* **Given records**
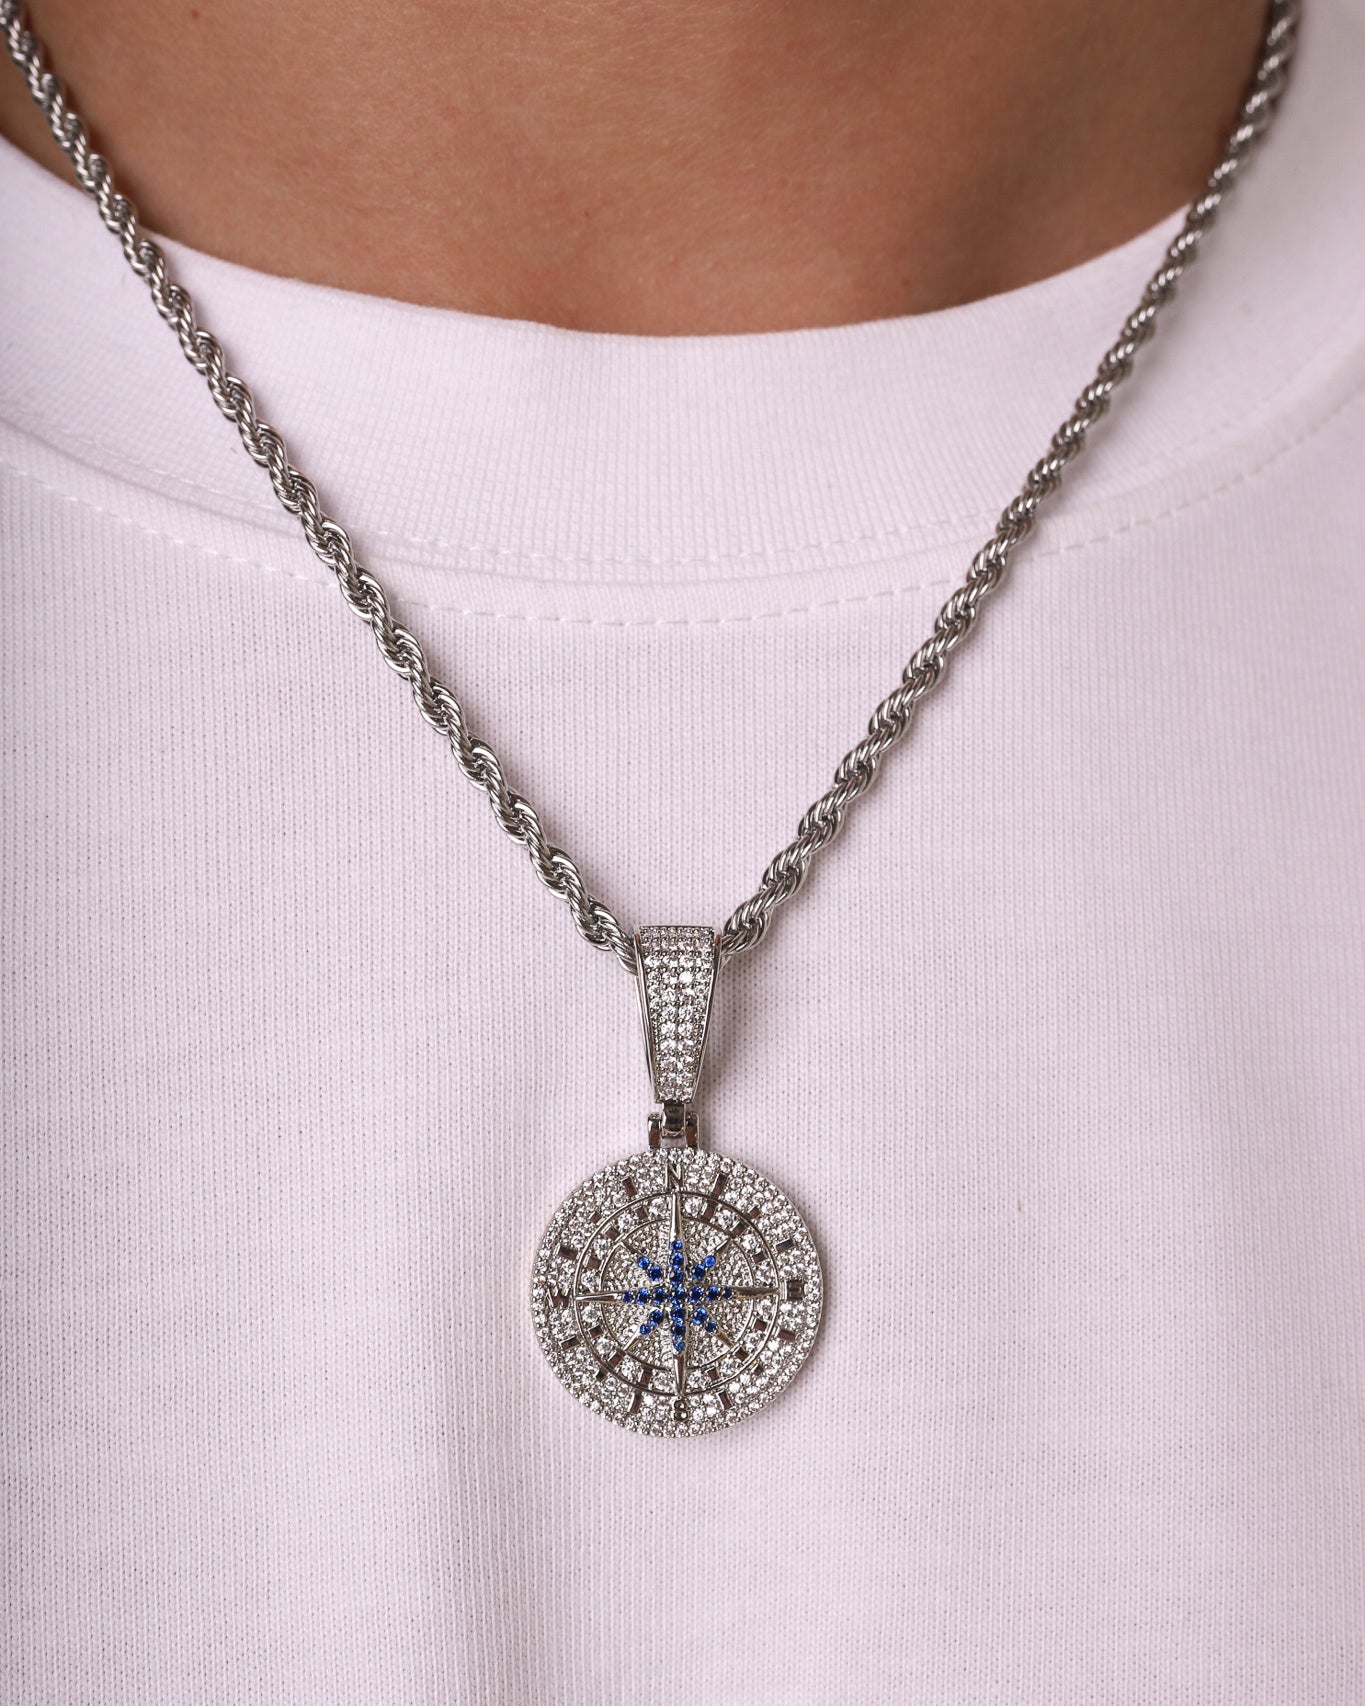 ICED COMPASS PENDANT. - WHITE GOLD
==
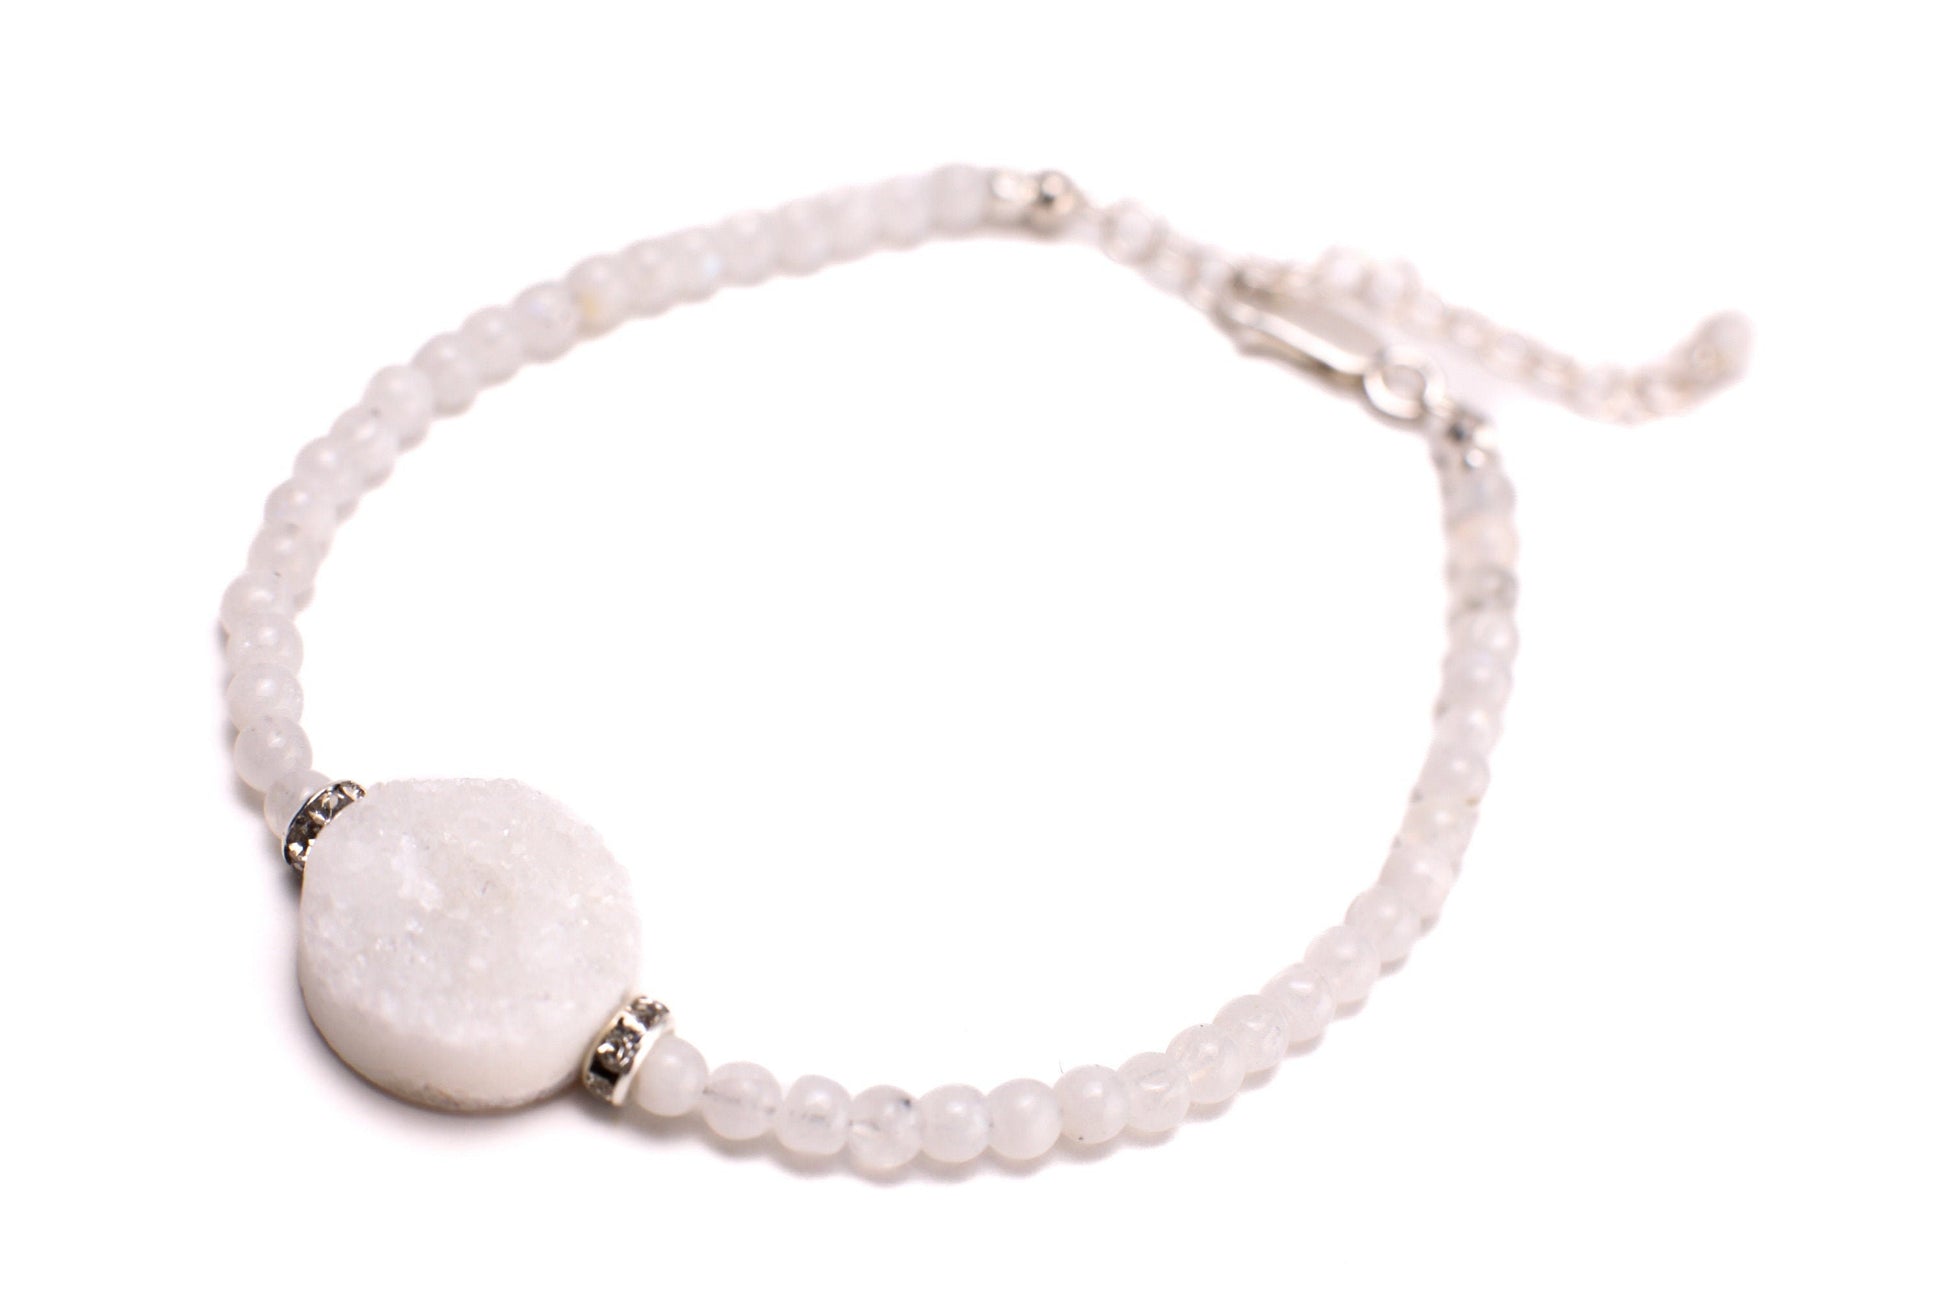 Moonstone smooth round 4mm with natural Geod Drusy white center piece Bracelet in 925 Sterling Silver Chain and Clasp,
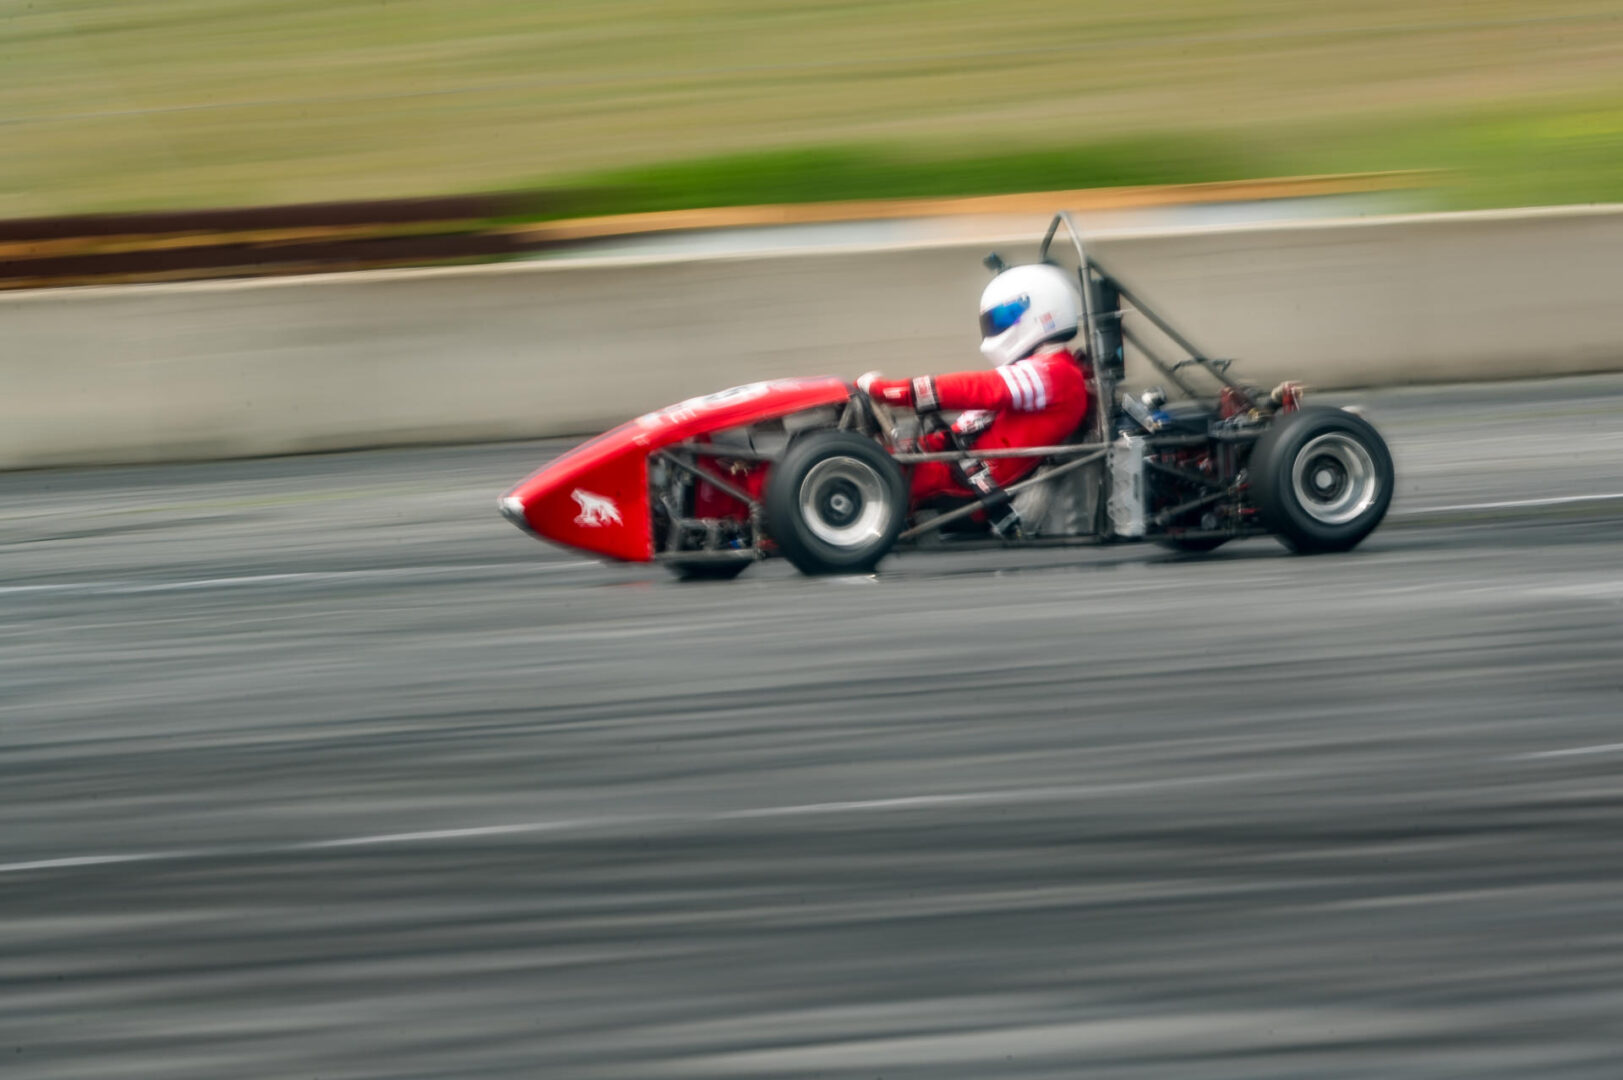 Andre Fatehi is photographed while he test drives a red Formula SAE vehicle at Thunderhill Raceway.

* **Task details**
Using the listing above, restate exactly the range between the lines holding "Moonstone smooth round" and "Andre Fatehi is", inclusive, with pictures left out.

* **Written response**
 Moonstone smooth round 4mm with natural Geod Drusy white center piece Bracelet in 925 Sterling Silver Chain and Clasp,
 Andre Fatehi is photographed while he test drives a red Formula SAE vehicle at Thunderhill Raceway.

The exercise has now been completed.